= WHAT TO WORK ON =
Return the listing below exactly, with the pictures dropped.

= INPUT DATA =
++++++++++

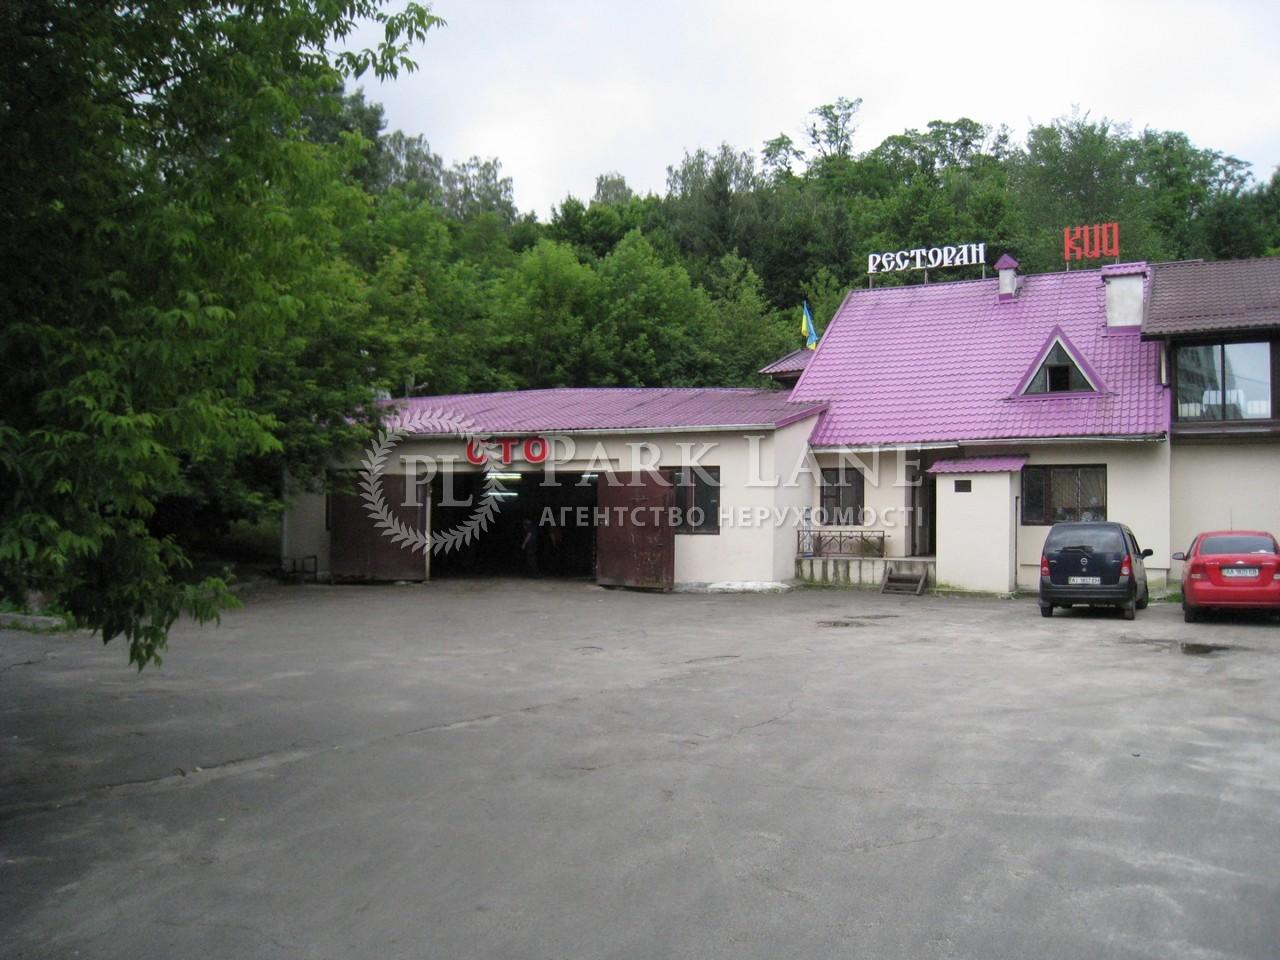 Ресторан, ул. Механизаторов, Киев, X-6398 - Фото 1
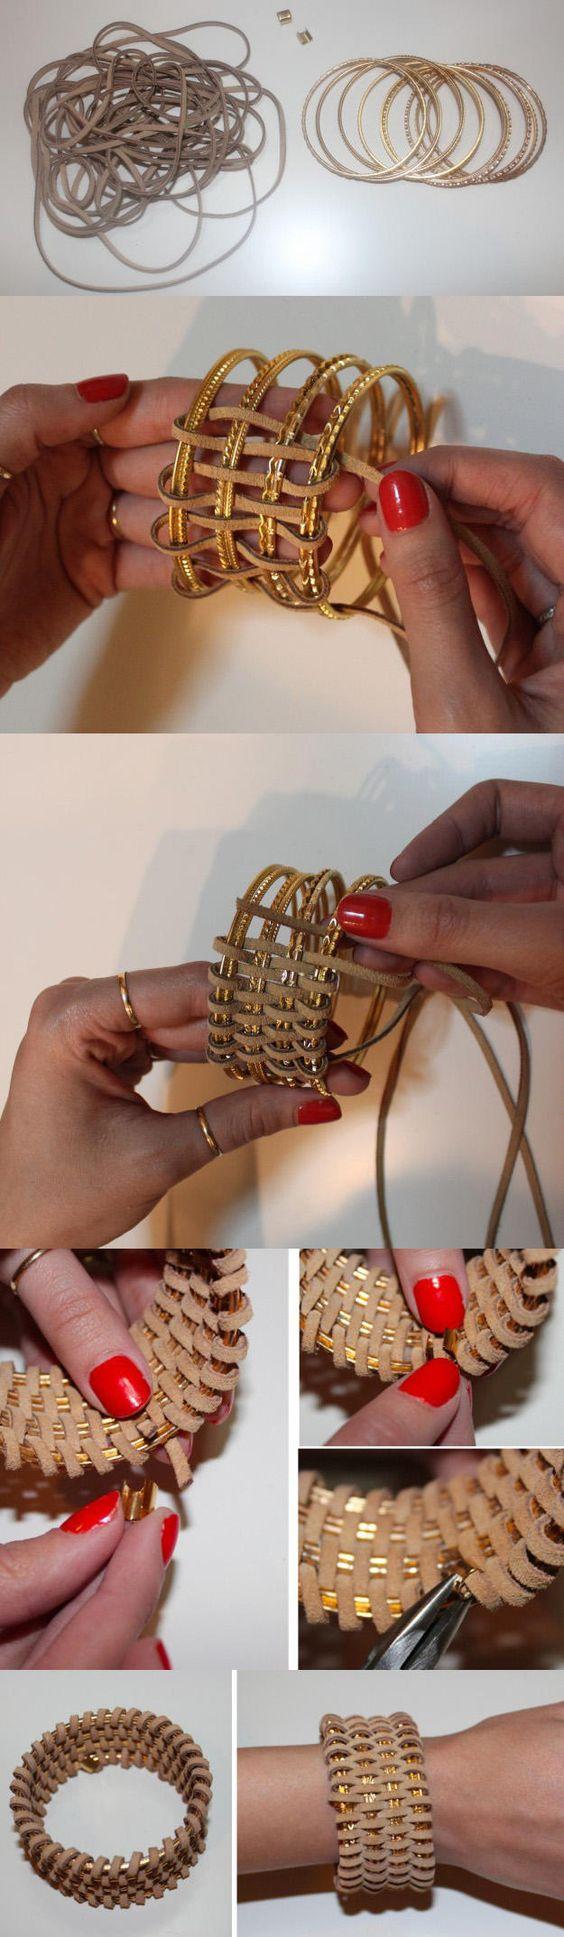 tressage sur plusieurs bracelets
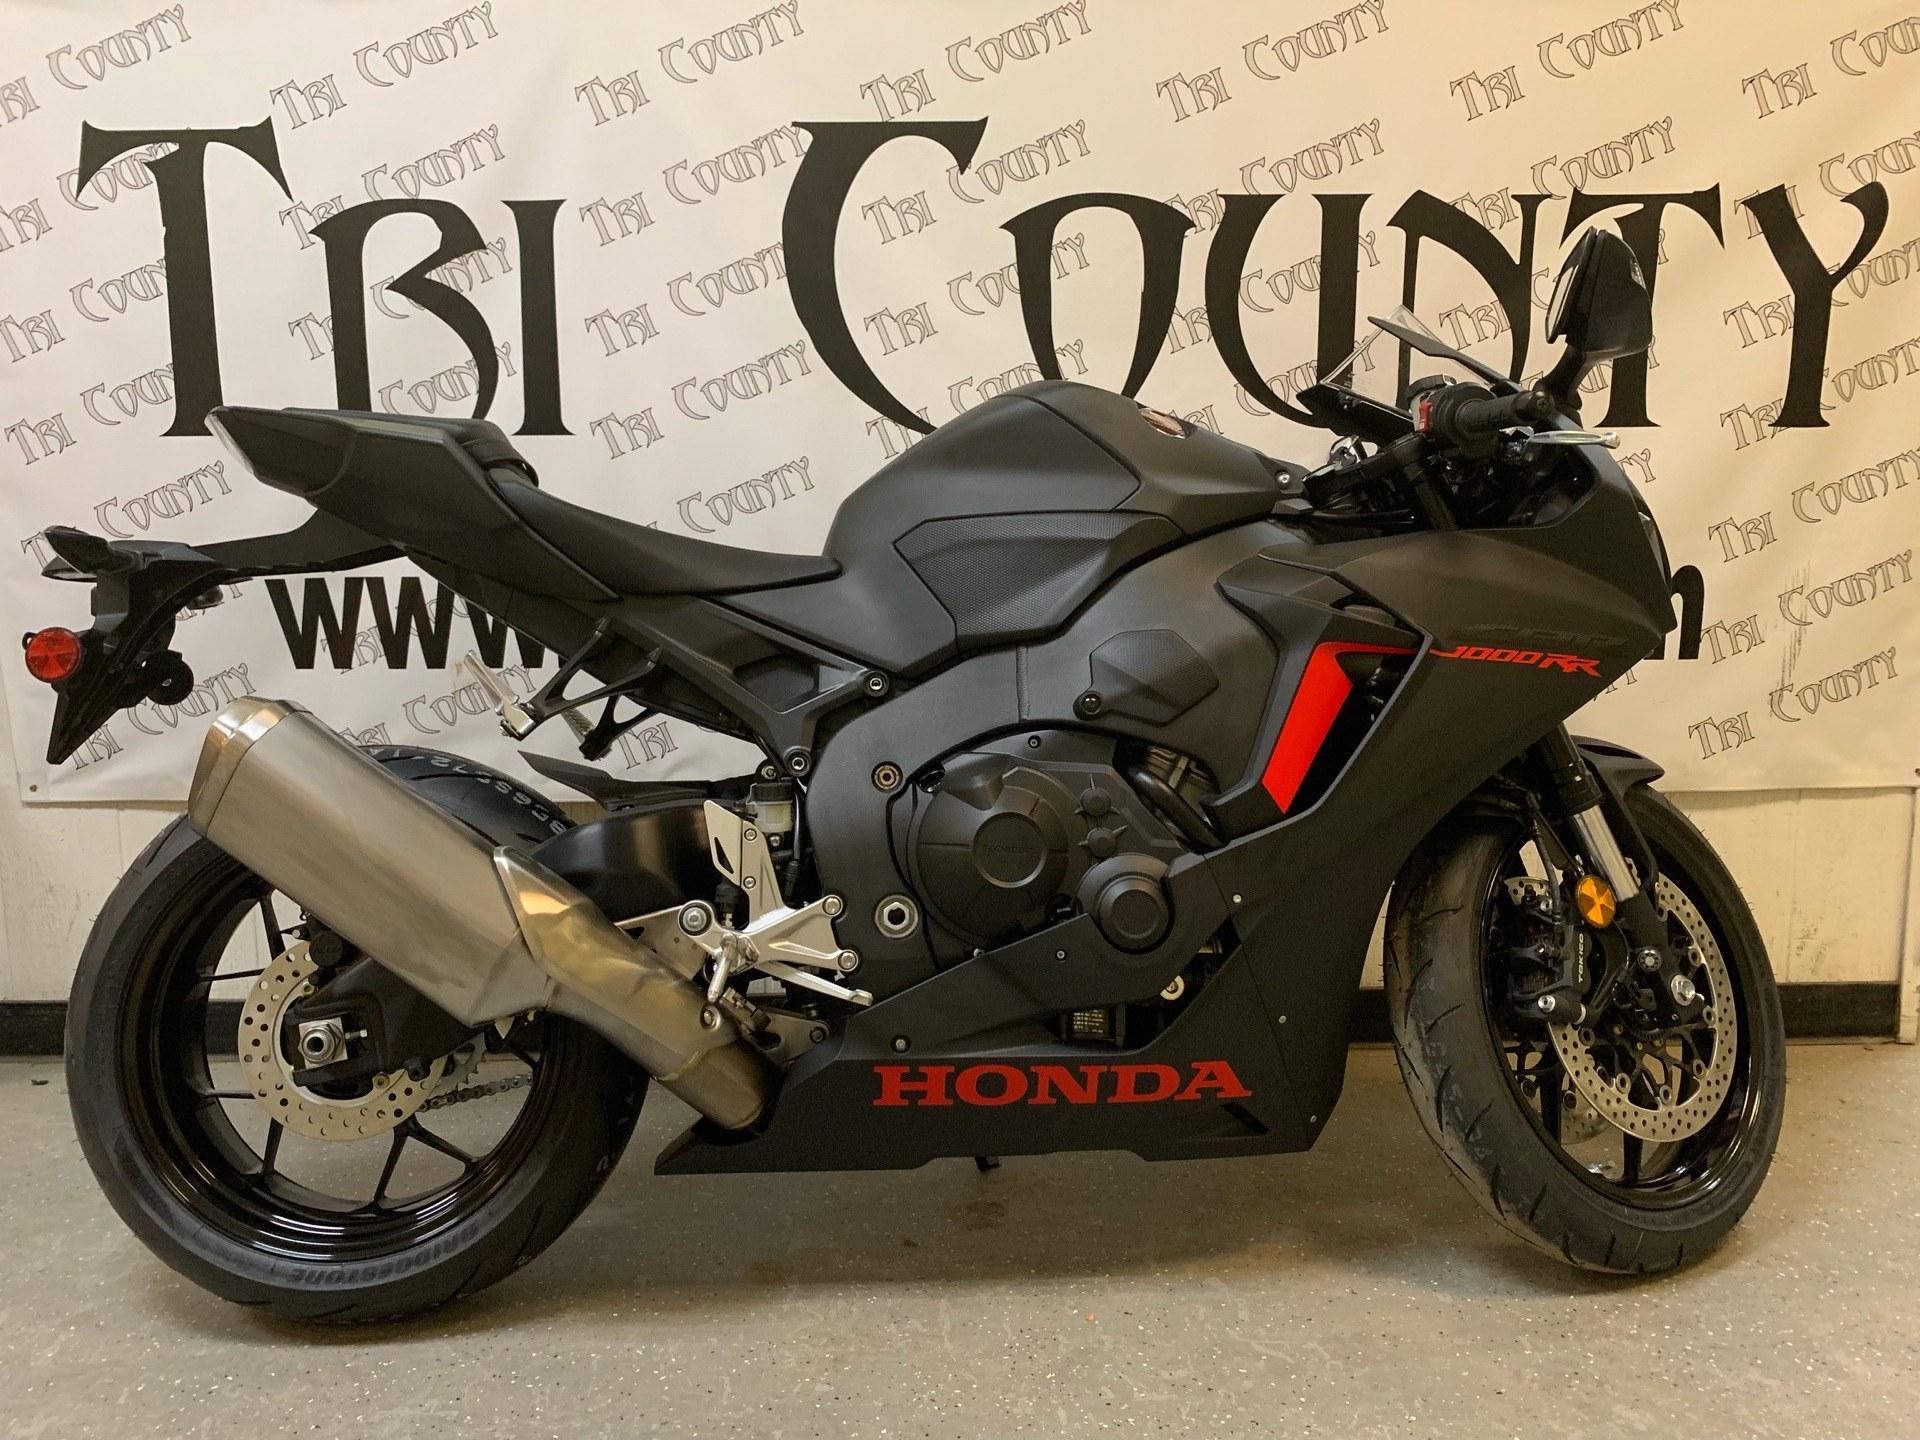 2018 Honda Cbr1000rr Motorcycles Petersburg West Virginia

++++++++++

= SOLUTION FOR THIS EXERCISE =
 Ресторан, ул. Механизаторов, Киев, X-6398 - Фото 1
 tressage sur plusieurs bracelets
 2018 Honda Cbr1000rr Motorcycles Petersburg West Virginia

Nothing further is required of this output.